View Full Version : Space elevator questions

2006-Mar-09, 02:34 AM
Hi. I have a question regarding the concept of a space elevator. My maths just isnít up to solving it myself

If the elevator is designed so that the counter balance consists of a continuing length of ribbon that stretches out say 150,000km. A weight starting at the geostationary position and sliding freely out along the ribbon will be accelerated both tangentially and outwards from the earth. Iím curious as to what total velocity WRT earth it would achieve and the peak g-force it would experience.

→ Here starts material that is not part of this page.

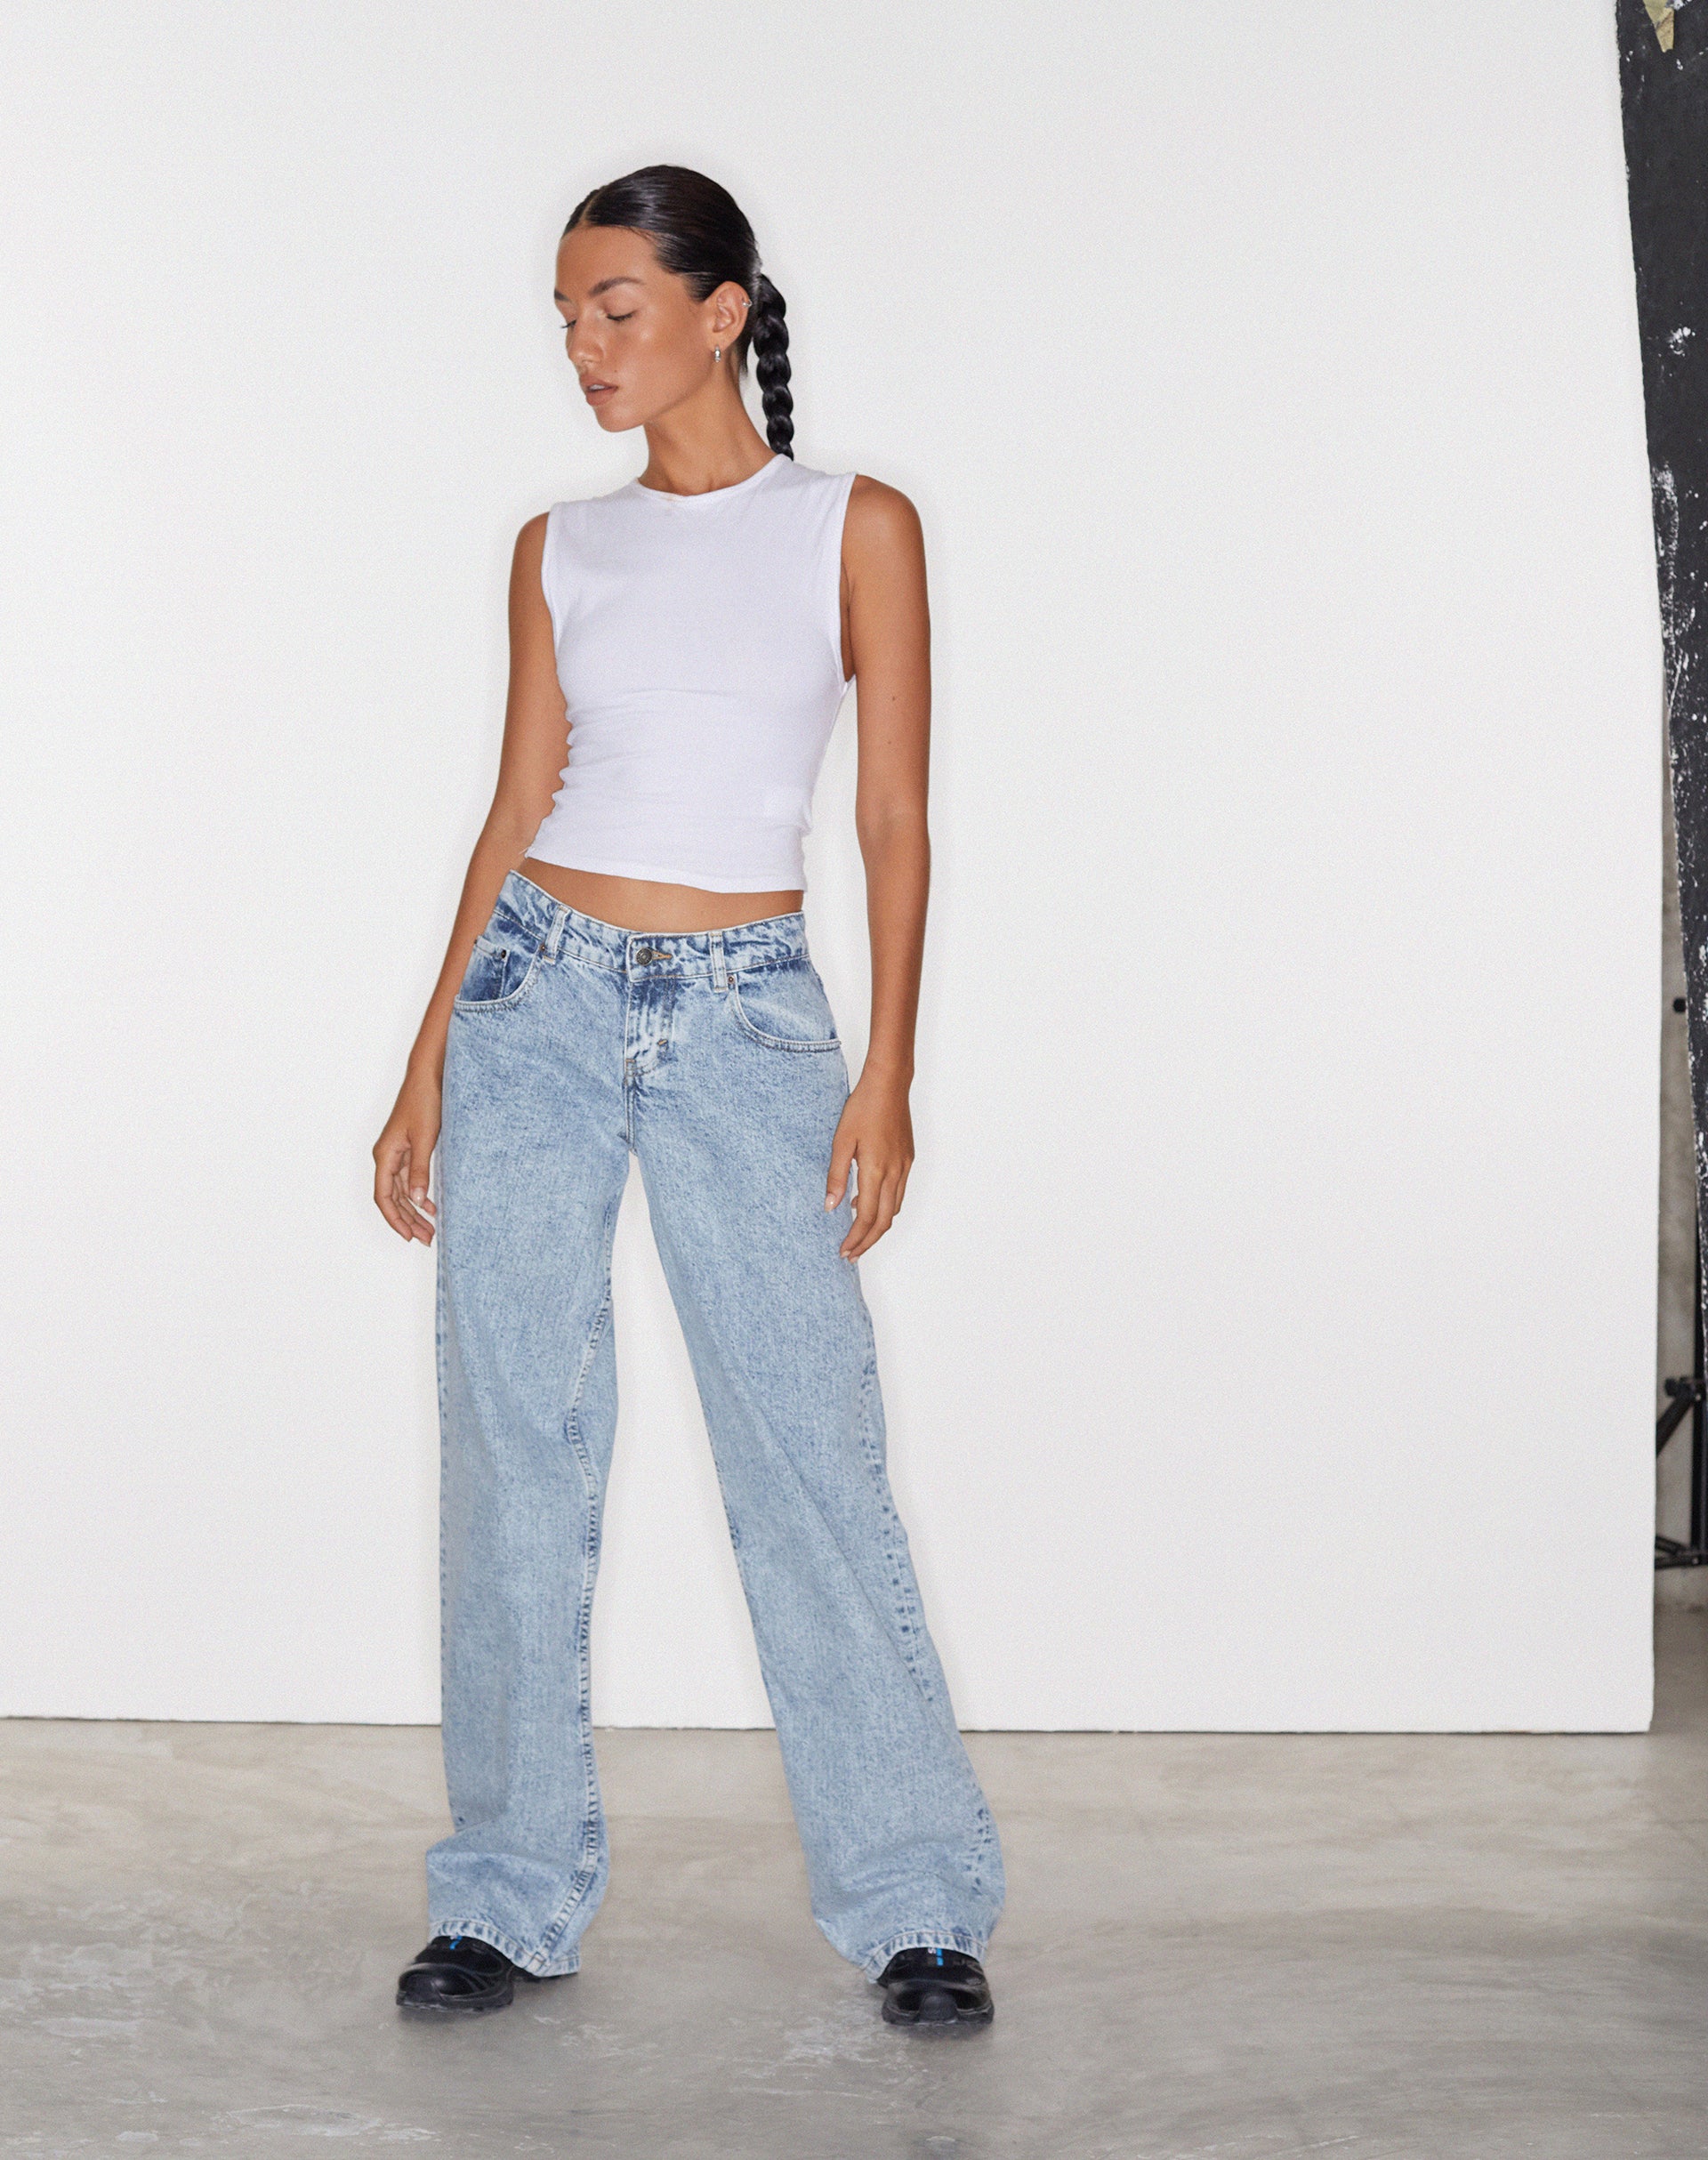 Image of Low Rise Parallel Jeans in 80s Light Blue Wash
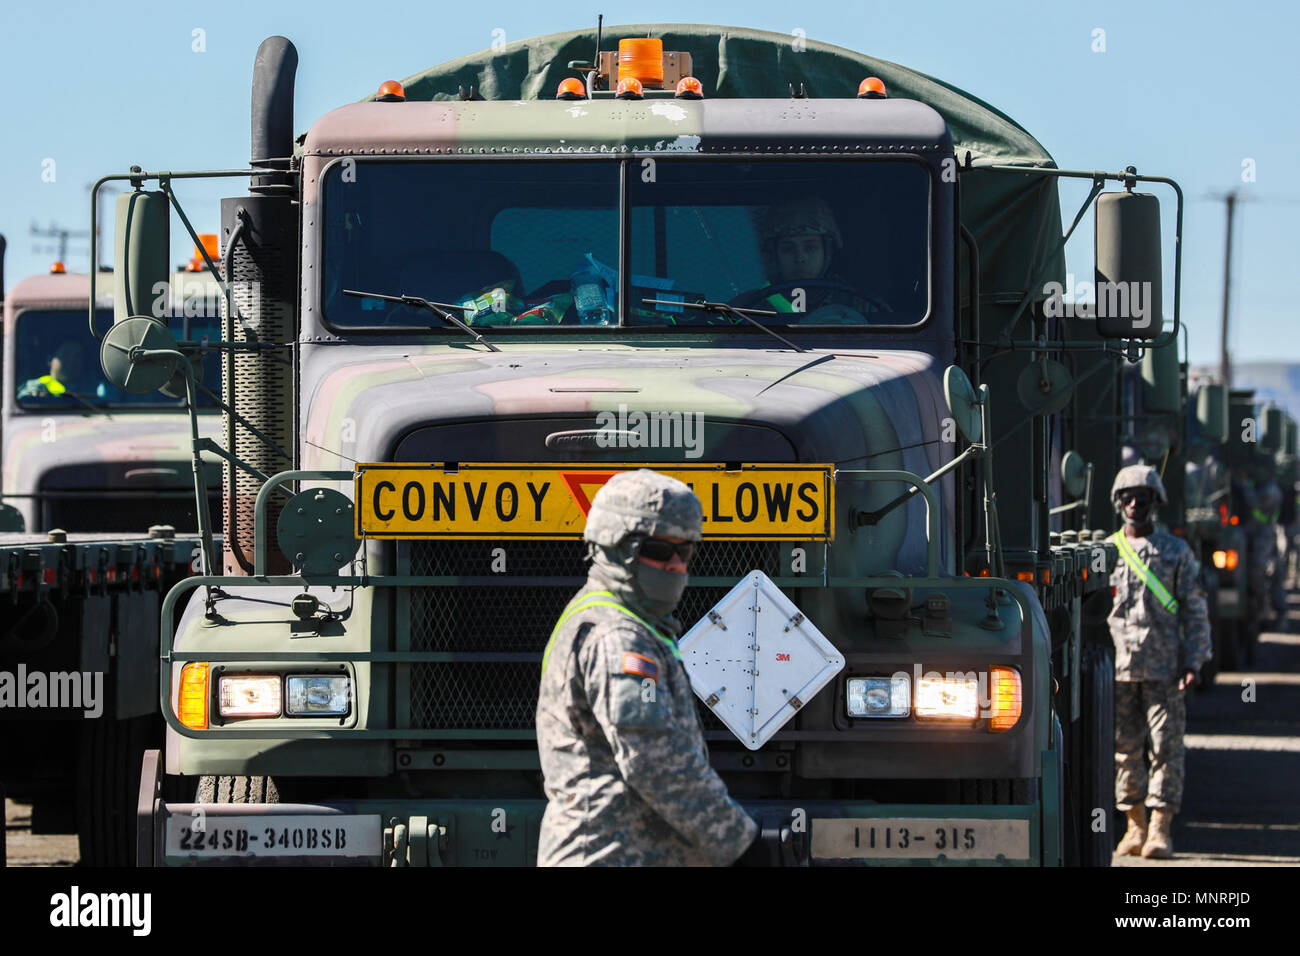 U.S. Army Reserve Soldiers prepare for convoy operations during Operation Patriot Bandolier at Military Ocean Terminal Concord, California, Mar. 4, 2018. Operation Patriot Bandolier is a real-world strategic mission utilizing U.S. Army Reserve, National Guard and Active component Soldiers transport Army materiel and munitions containers across the U.S. Stock Photo

Thanks in advance for any help.

2006-Mar-09, 02:46 AM
well, if the cable is 150000km long the end will trace a circle 2*pi*150000km in a day. That works out to 39268.75 kph.

2006-Mar-09, 02:48 AM
Actuall slightly faster, i was assuming 150000km from the center of earth not the surface.

2006-Mar-09, 02:57 AM
That's assuming the object is stopped at the end of the ribbon and allowed to come to rest (WRT the ribbon). I'm thinking if it was allowed to slide along the ribbon from the geostat position it will develop considerable additional velocity. I just don't know how to figure out how much. :(

2006-Mar-09, 03:11 AM
Hrmm not sure about that. The cable can only put a force on the climber perpendicular to itself, the climber moves 'outward' past geosync only due to its own inertia (unless it's a powered ascent). When it's released, wether it's stopped WRT the cable or not, it will always release tangental to the path swept by the cable at that height. So it should always release with the same velocity as the cable at that height.

2006-Mar-09, 04:09 AM
Oh dear. Iím even more confused now. I thought as the climber (slider) moved outwards from geostat the centripetal force is now greater than gravity so it is accelerated both tangentially and outwards. I've obviously got this badly screwed up in my head.

2006-Mar-09, 04:51 AM
Centripital force accelerates inward, not outward. It's the force keeping the end of the cable in a circular path when it's moving faster than orbital speed, the tension in the cable. There is no real 'outward' force, there is only a force perpendicular to the cable. The 'climbing' is just the climber trying to continue in a straight line instead of the circular path that the cable is sweeping, as soon as the climber is released it will continue in a straight line perpendicular to the cable at it's release point and moving at the same speed as the cable. The cable and earth will fall away below it only because they continue moving in a circular path while the climber is now moving in a straighter path. If it's not high enough to be at escape velocity, it will end up in an eliptical orbit with perigee at the altitude it was released.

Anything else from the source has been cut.